(YOUR INSTRUCTIONS) The required result is each line of the entries below containing the string "White".

(LISTED RECORDS)
____________________
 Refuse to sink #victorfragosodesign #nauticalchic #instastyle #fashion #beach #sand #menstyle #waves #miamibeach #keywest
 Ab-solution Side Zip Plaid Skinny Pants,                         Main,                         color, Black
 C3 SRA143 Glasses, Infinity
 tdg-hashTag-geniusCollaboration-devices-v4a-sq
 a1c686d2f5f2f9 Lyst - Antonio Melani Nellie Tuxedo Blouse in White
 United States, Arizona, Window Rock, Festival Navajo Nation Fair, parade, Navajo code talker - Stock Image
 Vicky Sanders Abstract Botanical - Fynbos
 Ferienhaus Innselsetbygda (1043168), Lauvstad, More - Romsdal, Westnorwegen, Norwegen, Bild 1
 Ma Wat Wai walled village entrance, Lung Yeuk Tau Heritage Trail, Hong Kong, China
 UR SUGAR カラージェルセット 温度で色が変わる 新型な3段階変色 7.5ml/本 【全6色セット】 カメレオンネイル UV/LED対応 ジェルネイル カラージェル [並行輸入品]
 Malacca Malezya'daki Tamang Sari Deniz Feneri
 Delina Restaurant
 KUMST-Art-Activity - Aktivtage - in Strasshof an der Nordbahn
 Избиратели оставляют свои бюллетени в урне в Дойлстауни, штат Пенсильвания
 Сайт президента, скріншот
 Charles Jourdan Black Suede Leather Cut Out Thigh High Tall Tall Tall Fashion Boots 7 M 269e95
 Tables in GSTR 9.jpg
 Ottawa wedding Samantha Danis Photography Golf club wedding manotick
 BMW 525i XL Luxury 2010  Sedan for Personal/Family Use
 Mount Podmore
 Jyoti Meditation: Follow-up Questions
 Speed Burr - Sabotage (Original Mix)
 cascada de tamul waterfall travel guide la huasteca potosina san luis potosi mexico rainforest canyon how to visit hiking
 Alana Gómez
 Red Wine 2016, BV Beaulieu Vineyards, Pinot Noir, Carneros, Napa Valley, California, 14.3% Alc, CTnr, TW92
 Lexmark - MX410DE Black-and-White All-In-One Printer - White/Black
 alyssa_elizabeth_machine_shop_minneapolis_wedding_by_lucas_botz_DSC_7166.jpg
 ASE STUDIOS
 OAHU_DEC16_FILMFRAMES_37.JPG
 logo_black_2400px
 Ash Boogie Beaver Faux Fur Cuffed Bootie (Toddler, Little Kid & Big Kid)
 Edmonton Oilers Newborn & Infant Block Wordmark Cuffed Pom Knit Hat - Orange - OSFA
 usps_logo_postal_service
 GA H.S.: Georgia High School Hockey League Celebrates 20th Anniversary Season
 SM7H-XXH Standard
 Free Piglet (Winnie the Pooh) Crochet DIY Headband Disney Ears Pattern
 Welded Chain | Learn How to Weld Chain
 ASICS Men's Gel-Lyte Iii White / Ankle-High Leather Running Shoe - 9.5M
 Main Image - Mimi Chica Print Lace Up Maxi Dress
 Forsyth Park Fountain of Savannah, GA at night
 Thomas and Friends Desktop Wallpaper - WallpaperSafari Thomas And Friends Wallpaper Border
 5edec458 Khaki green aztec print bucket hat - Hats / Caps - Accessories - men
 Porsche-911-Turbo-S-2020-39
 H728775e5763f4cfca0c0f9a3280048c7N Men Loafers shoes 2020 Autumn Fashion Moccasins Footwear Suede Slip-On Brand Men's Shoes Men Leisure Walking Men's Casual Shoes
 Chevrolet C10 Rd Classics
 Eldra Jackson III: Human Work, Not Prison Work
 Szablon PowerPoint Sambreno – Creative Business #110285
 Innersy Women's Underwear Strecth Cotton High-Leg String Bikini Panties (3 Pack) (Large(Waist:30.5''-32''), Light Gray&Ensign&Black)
____________________
(WRITTEN RESPONSE)
 a1c686d2f5f2f9 Lyst - Antonio Melani Nellie Tuxedo Blouse in White
 Lexmark - MX410DE Black-and-White All-In-One Printer - White/Black
 ASICS Men's Gel-Lyte Iii White / Ankle-High Leather Running Shoe - 9.5M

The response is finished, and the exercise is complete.